To compute these two probabilities we’ll use a neat trick. I look at this and say “well, it would be much easier to compute the probability that I’m selected if I knew that the game went for exactly \(t\) rounds”. Thankfully there’s an equation that lets us do this:8 \[\begin{align} \mathbb{P}(S) = \sum_{t=1}^{r_0+1} \mathbb{P}(S | T = t) \mathbb{P}(T = t) \end{align}\]
Suppose the game went for one round. What is probability that you were selected? We’ve assumed the Joker chooses uniformly from the population of \(m\) people, so this would be \[\begin{align} \mathbb{P}(S | T = 1) = \frac{1}{m} \end{align}\] What if the game went for two rounds? There are now \(1 + g\) people selected, uniformly without replacement, from a population of \(m\) people, so \[\begin{align} \mathbb{P}(S | T = 2) = \frac{1 + g}{m} \end{align}\] We can pretty clearly see the pattern, and remembering that \(T=r_0+1\) is the special case where the Joker runs out of population, \[\begin{align} \mathbb{P}(S | T = t) = \begin{cases} \frac{1}{m} \sum_{t^{\prime}=1}^{r_0} g^{t^{\prime}-1} &\text{if } t \le r_0 \\ 1 &\text{if } t = r_0 + 1 \end{cases} \end{align}\] Finding \(\mathrm{P}(T = t)\) is easy: for \(t-1\) rounds in a row he must roll a non-6 (probability \((1-p)\)) followed by rolling a 6 (probability \(p\)), except for the case where \(T = r_0 + 1\), which corresponds to rolling \(r_0\) non-6s in a row: \[\begin{align} \mathbb{P}(T = t) = \begin{cases} p (1-p)^{t - 1} &\text{if } t \le r_0\\ (1 - p)^{r_0} &\text{if } t = r_0 \end{cases} \end{align}\] So we an now write down an expression for \(\mathbb{P}(S)\), and we’re going to manipulate9 it into a slightly odd form, but it’ll make sense once we compute \(\mathbb{P}(K)\): \[\begin{align} \mathbb{P}(S) &= \sum_{t=1}^{r_0 + 1} \mathbb{P}(S | T = t) \mathbb{P}(T = t) \\ & = \left( \sum_{t=1}^{r_0}\left(\frac{1}{m}\sum_{t^{\prime}=1}^t g^{t^{\prime} - 1} \right) p (1-p)^{t-1} + (1-p)^{r_0} \right) \\ & = \sum_{t=1}^{r_0} \frac{g^{t-1}}{m} (1-p)^{t-1} \end{align}\]
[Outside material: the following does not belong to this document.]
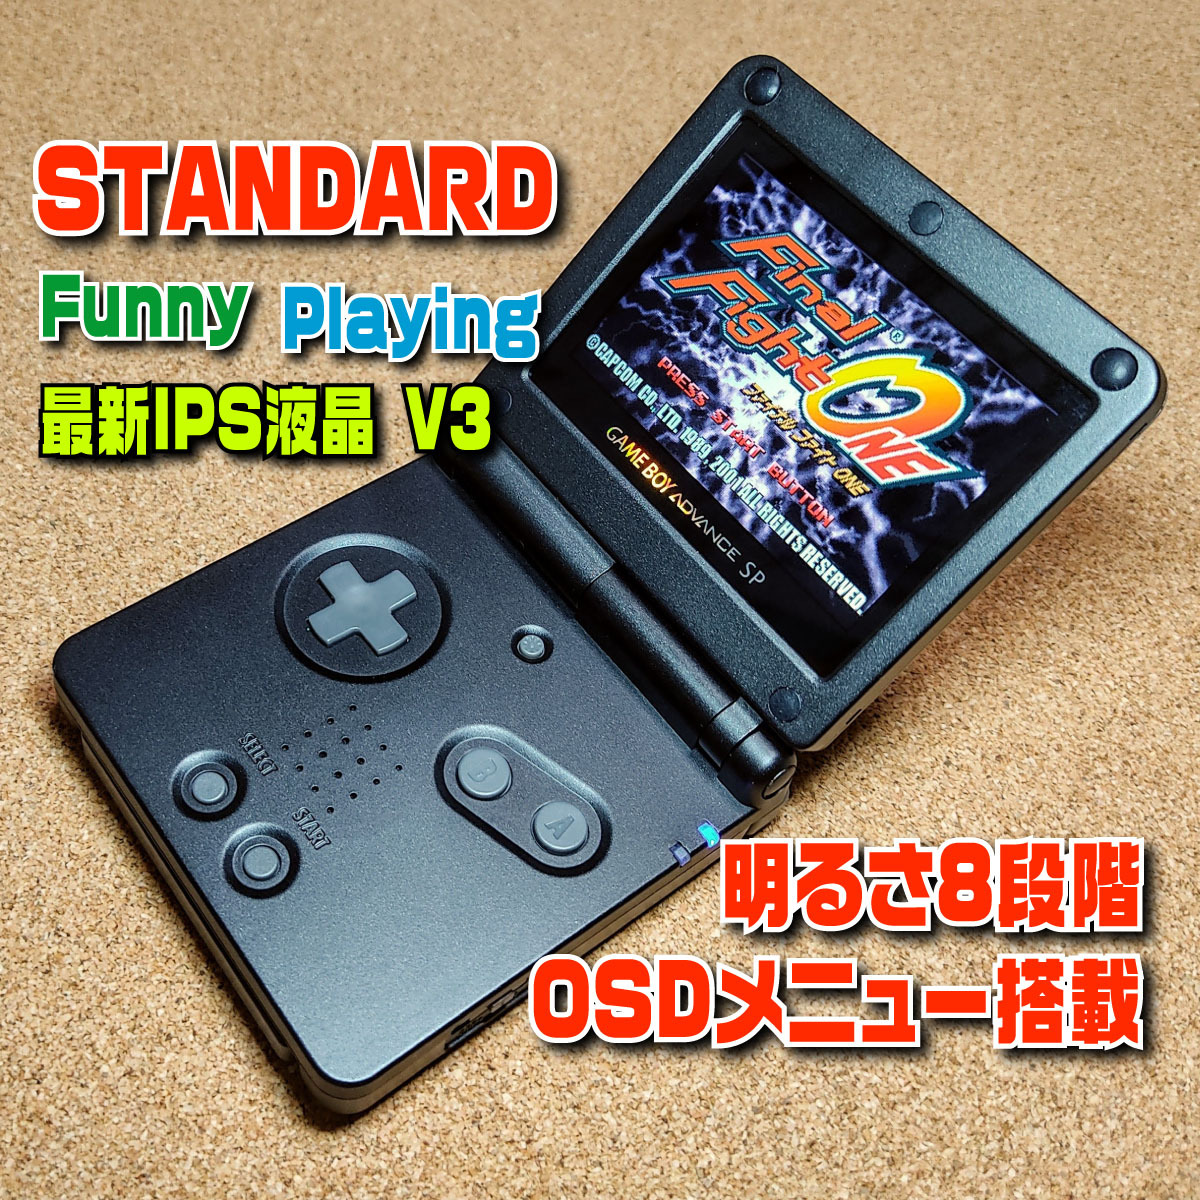 [STANDARD]IPS backlight liquid crystal V3+ brightness 8 -step +OSD menu custom Game Boy Advance SP body glass screen GBA
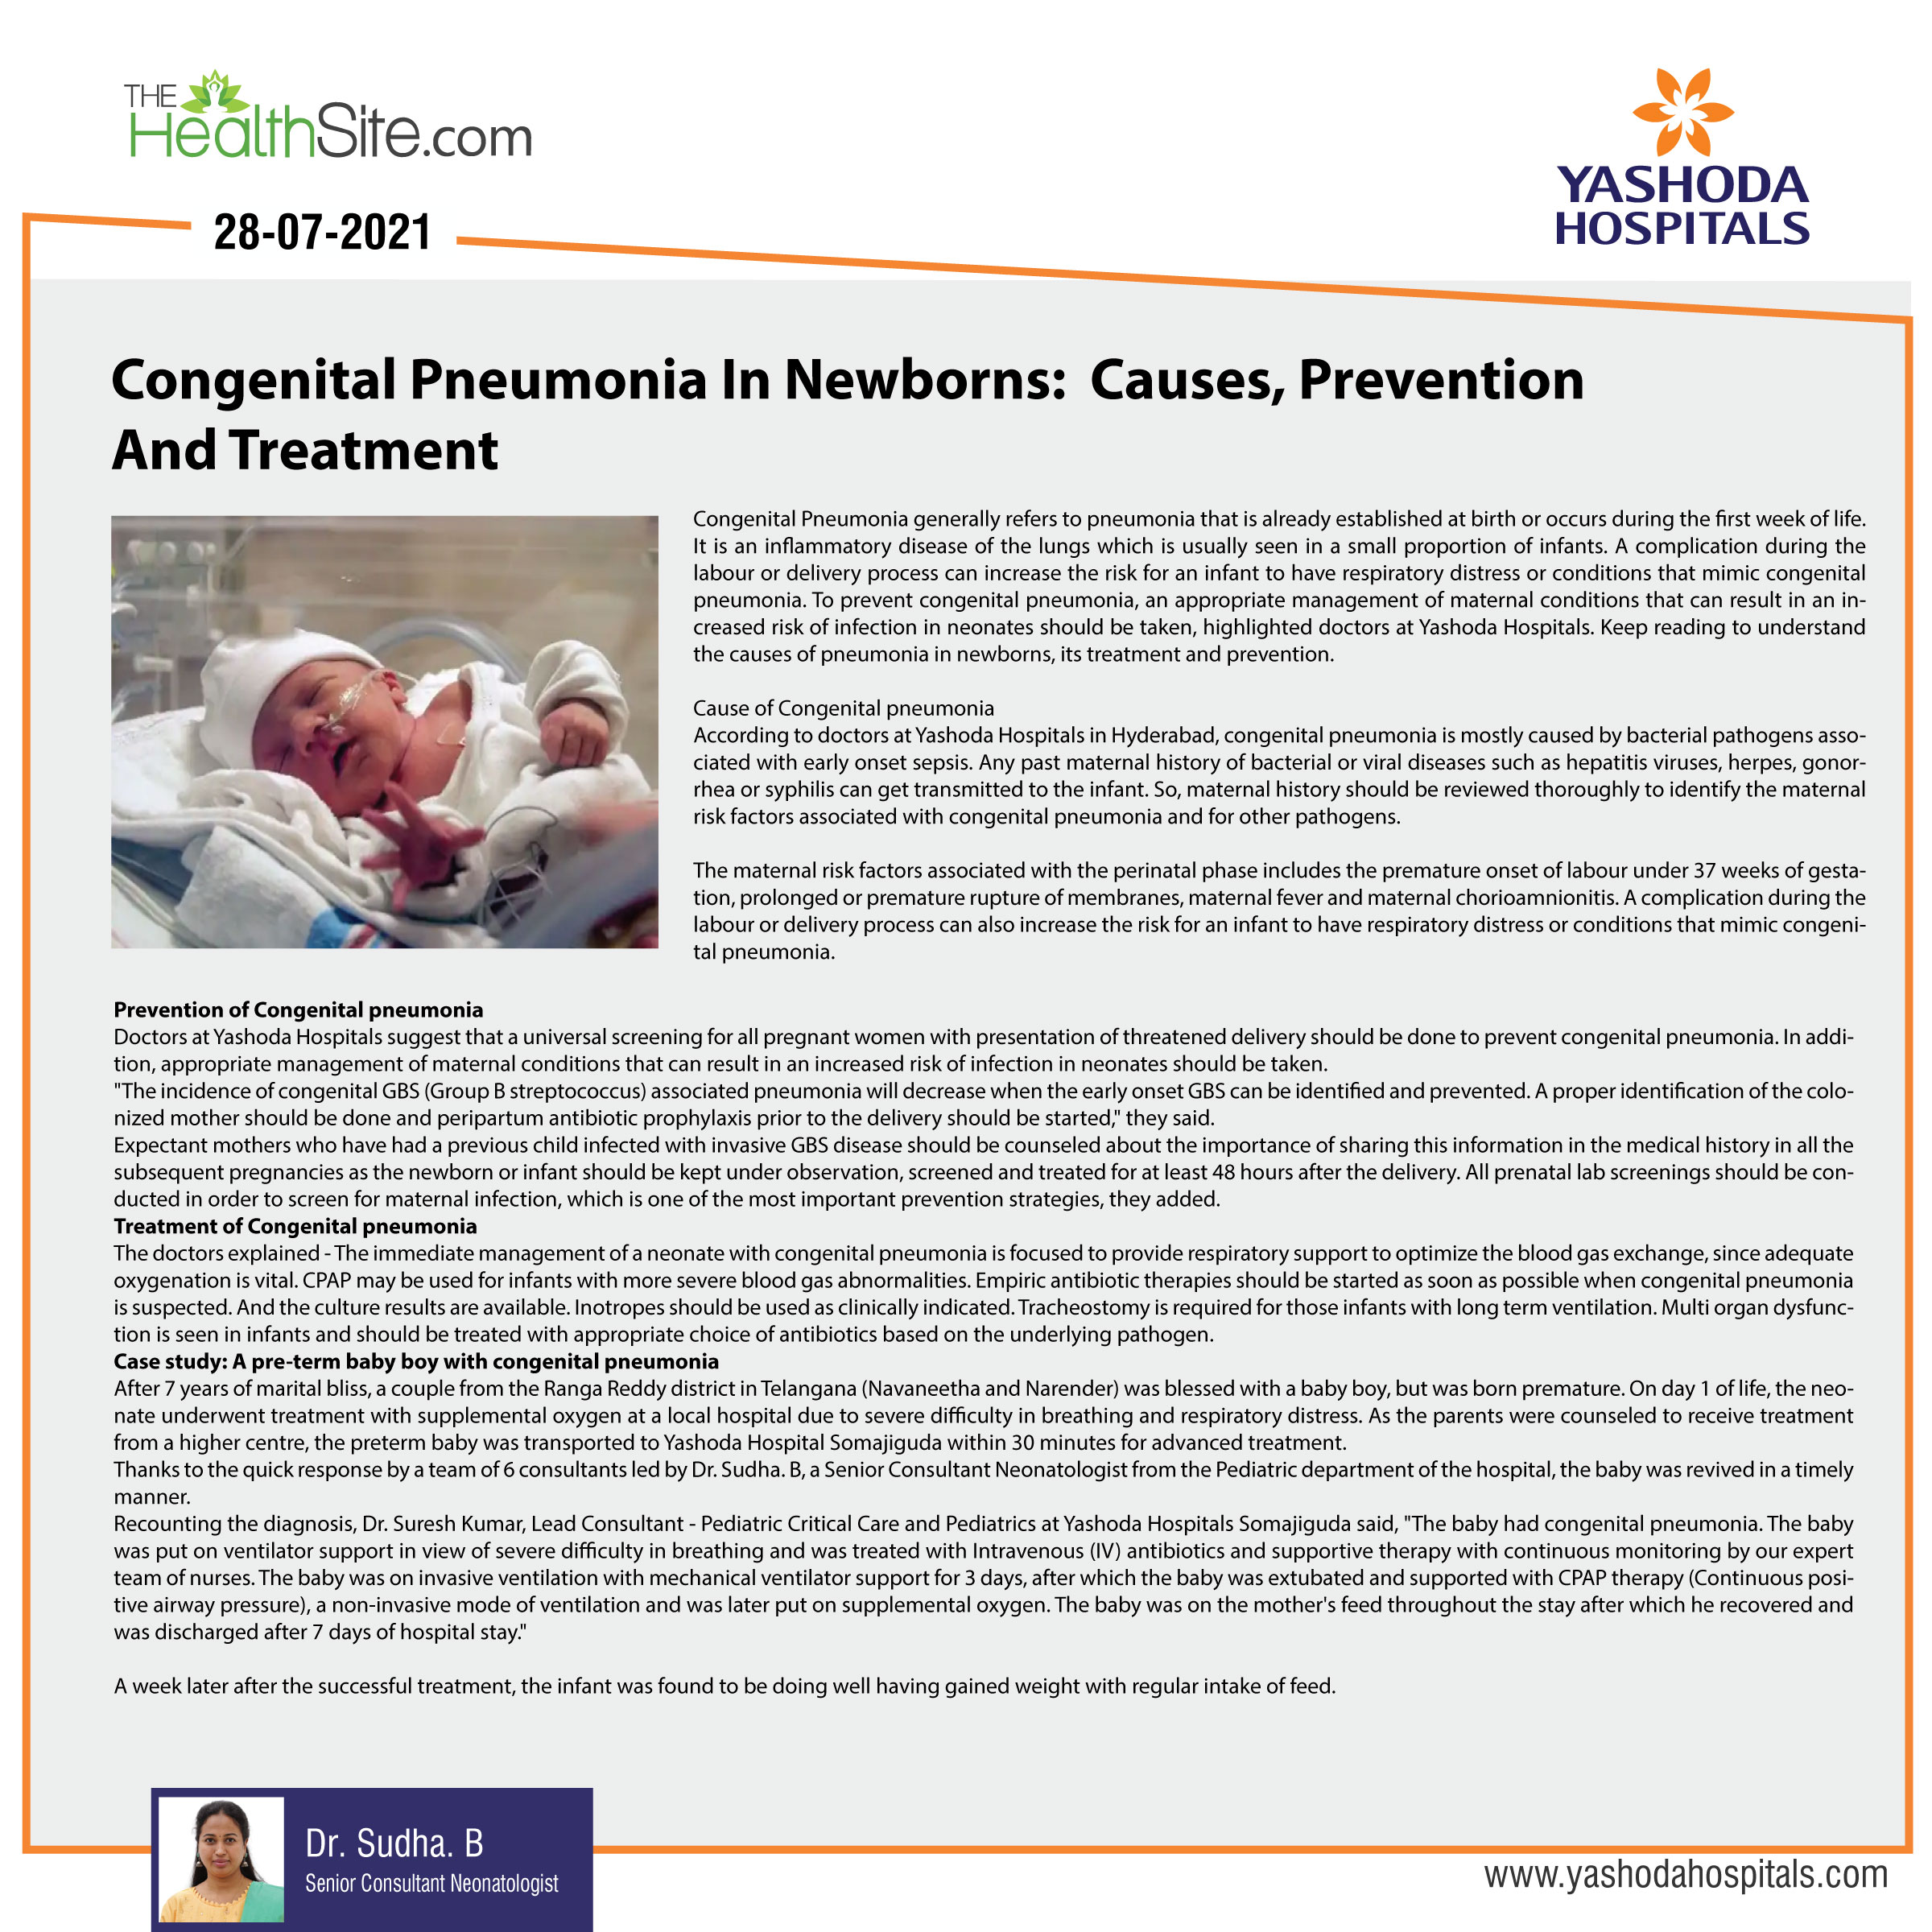 Congenital Pneumonia in newborn

\(\mathbb{P}(K)\) is a lot easier to compute, because \(\mathbb{P}(K | T = t)\) no longer involves a sum, since it’s the probability of you being kidnapped on exactly the \(t^{\text{th}}\) round \[\begin{align} \mathbb{P}(K | T = t) = \begin{cases} \frac{1}{m}g^{t-1} &\text{if } t \le r_0 \\ 0 &\text{if } t = r_0 + 1 \end{cases} \end{align}\] And so \[\begin{align} \mathbb{P}(K) = \sum_{t=1}^{r_0} \frac{g^{t-1}}{m} p (1-p)^{t-1} \end{align}\]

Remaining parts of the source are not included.